Dysregulation of cation-chloride cotransporters NKCC1 and KCC2 expression was shown to be related to drug-resistant epilepsy. Previous studies suggested that bumetanide, an inhibitor of NKCC1, might have antiepileptic effects.

Objective

The aim of this study was to investigate the safety and efficacy of bumetanide add-on therapy in patients with drug-resistant epilepsy and its relation to cation-chloride cotransporters NKCC1 and KCC2.

Methods

We conducted an open-label, single-arm clinical trial in drug-resistant temporal lobe epilepsy (TLE) patients. This study consisted of three phases: pretreatment (3 months), titration (3 weeks), and active treatment (6 months). During the pretreatment phase, the dose of antiepileptic drugs was stabilized, and bumetanide was then added at an initial dose of 0.5 mg/day, increasing by 0.5 mg/week until a target dose of 2 mg/day was achieved. Bumetanide treatment was then continued for 6 months. Seizure frequency and adverse events were assessed at every monthly visit.

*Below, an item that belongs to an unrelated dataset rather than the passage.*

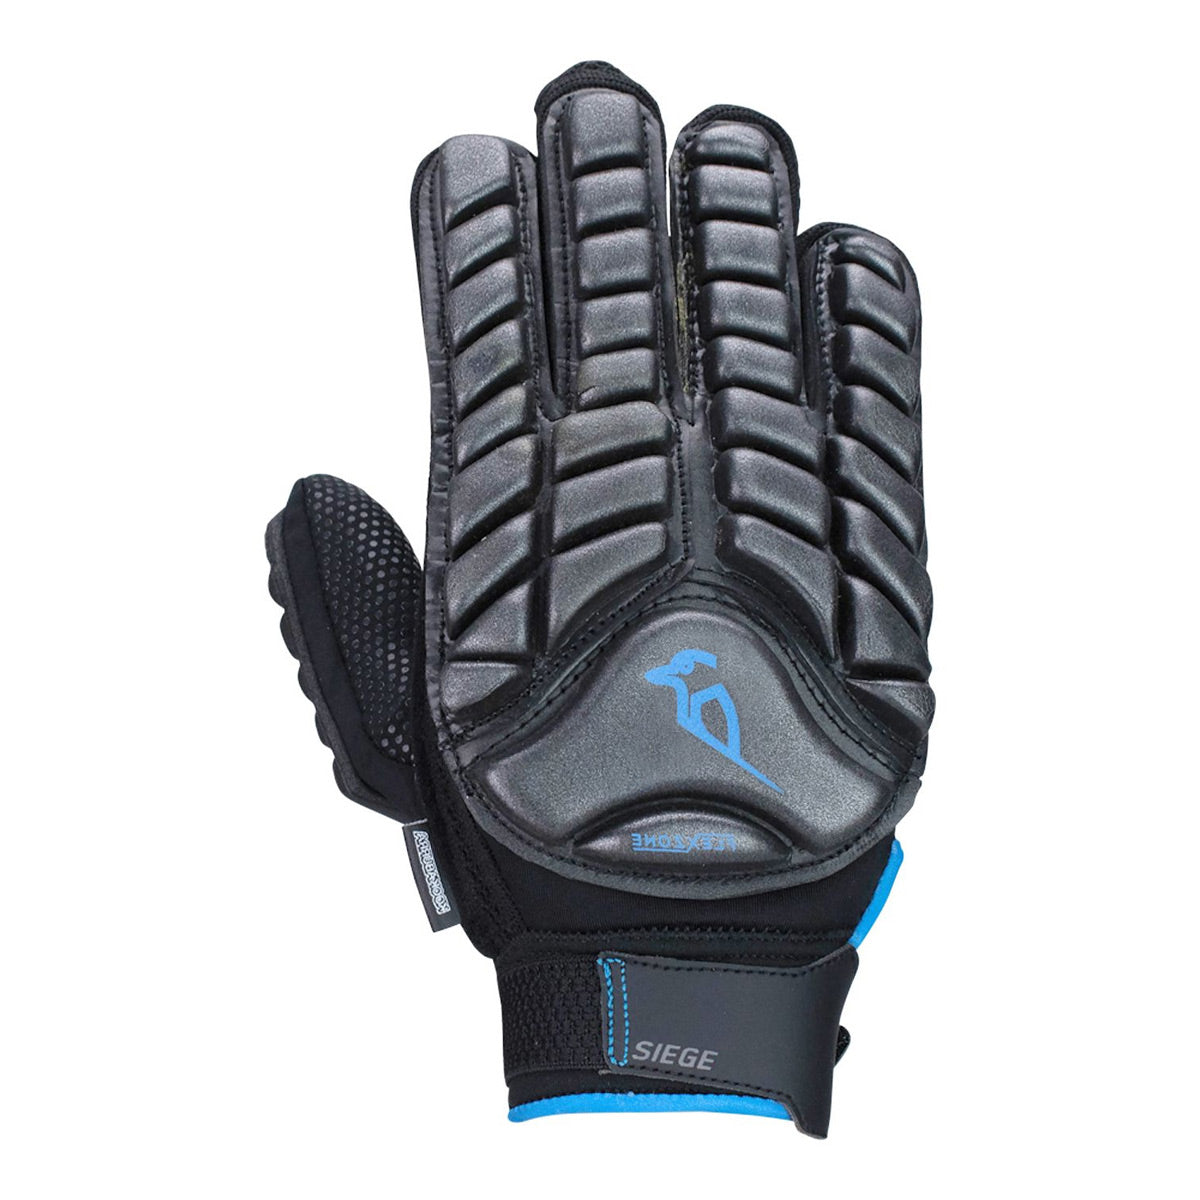 Kookaburra Siege Right Hand Hockey Glove (Black-Blue)

Blood samples were collected from patients and 12 healthy controls were used for polymerase chain reaction and Western blot analyses. Primary clinical outcomes were drug safety and change in seizure frequency. Changes in NKCC1 and KCC2 expression were the non-clinical endpoints.

Results

A total of 30 patients were enrolled, 27 of whom completed the study. The mean duration of epilepsy was 16.5 years. Median seizure frequency per month was 9 [interquartile range (IQR) 7–14.5] at baseline, 3.67 (IQR 1.84–6.17) at the first 3 months, and 2 (IQR 0.84–4.34) at the last 3 months (p < 0.001). Five adverse events were detected in six patients. The reported adverse events were anorexia in four patients, nausea and vomiting in two patients, and agitation, headache and increased seizure frequency in one patient each. The level of NKCC1 and KCC2 gene transcripts and KCC2 protein did not change significantly following treatment (p > 0.05); however, we observed a significant reduction in NKCC1 protein levels (p = 0.042).

Conclusions

Bumetanide might be an effective and relatively tolerable drug in patients with drug-resistant TLE. Downregulation of NKCC1 protein following bumetanide treatment may be responsible for its antiepileptic effects.

Iranian Registry of Clinical Trials Identifier

IRCT 201012115368N1.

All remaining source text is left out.